Hashimoto divides his portrait into four chapters and cleanly splits the focus between young artist (played by Yuya Yagira) and old master (Min Tanaka). The former is striving to find his voice, while the latter is determined to sustain his creative life into old age. Hokusai was nearing 90 when he died in 1849. The connecting tissue throughout the film is the fight to remain true to yourself.

Hashimoto underlines the subversive nature of art in the film’s prologue with a raid on the premises of publisher and patron of the arts Juzaburo Tsutaya (Hiroshe Abe). Books are burned, paintings are destroyed and stark warnings are delivered. Convinced that he is a great artist, Katsushika Hokusai presents himself to Tsutaya. Yuya Yagira brings a youthful bravado to the role of a hotheaded, immature outsider. His confidence shrinks when he is asked the simple question: “Why do you paint?” and can only reply: “Why should I know? “ An underwhelmed Tsutaya further deflates his confidence by exposing him to the work of successful artist Utamaro Kitagawa (Hiroshi Tamaki) and promising newcomer Sharaku Toshusai (Seishu Uragami).

Much of the first half of the film unfolds in the treacly gloom of the geisha houses, a haven for the commerce of art.  Bright reds and bold blues provide a warm colour palette and the private rooms feel suitably seductive with lush fabrics covered in depictions of peacocks, fanned tails rendered in intricate detail.  The search for his voice takes Katsushika on a pilgrimage out of the city of Edo to the coast. His subsequent pictures featuring tall pillars of frothy waves with Mount Fuji in the distance become his trademark and proudly bear the name of Hokusai.

Any life of the prolific, long-lived Hokusai is faced with the dilemma of what to cover.
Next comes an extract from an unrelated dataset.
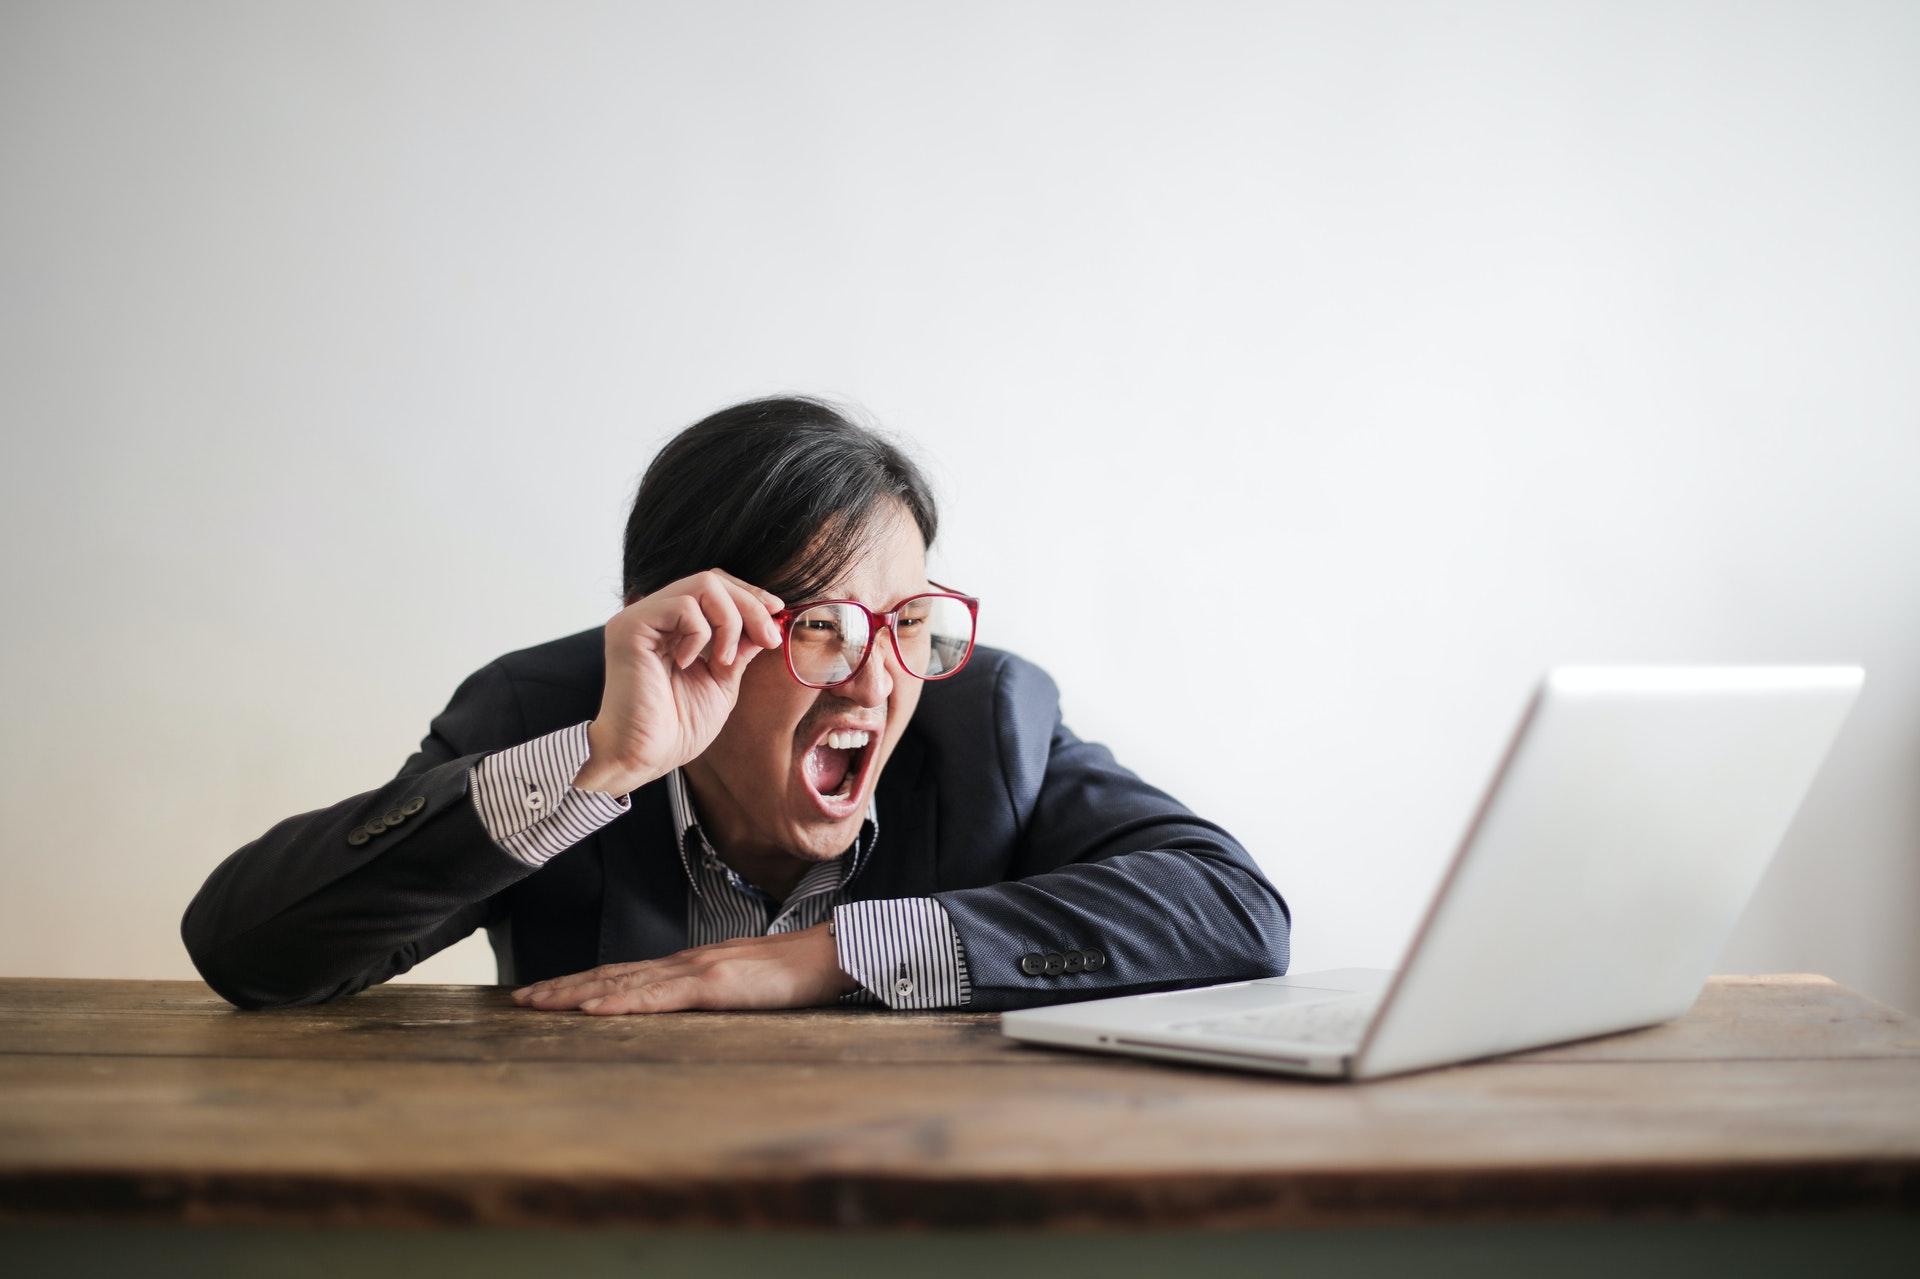 Falha de segurança no Windows pode trazer muita dor de cabeça.

Hasimoto and screenwriter Len Kawahara make some wise choices in how they shape and focus the potential material. The second half of the film jumps decades to focus on Hokusai’s later years  where the cost of an artistic life is measured in physical decline and loss. The violent death of a friend who had dared to become a writer inspires one of Hokusai’s most brutal paintings, and reinforces the perils of being an artist during the final decades of the Tokugawa shogunate in Japan.

Reserved and unshowy in style, Hasimoto respects the character and serves the story. The film vividly conveys the craftsmanship of the painter’s work from the delicate brushstrokes to the precise carving on the wood block prints. Hasimoto does have a fondness for bursts of wild weather that reflect or influence the emotional state of the characters. Gusts of wind, pelting rain and lightning flashes serve as  dramatic punctuation. 

Hasimoto makes his mark when it matters most, generating tension from the violent death of a writer and finding pathos in a fantasy moment when the old and young Hokusai work together, painters in perfect harmony with one distinctive voice.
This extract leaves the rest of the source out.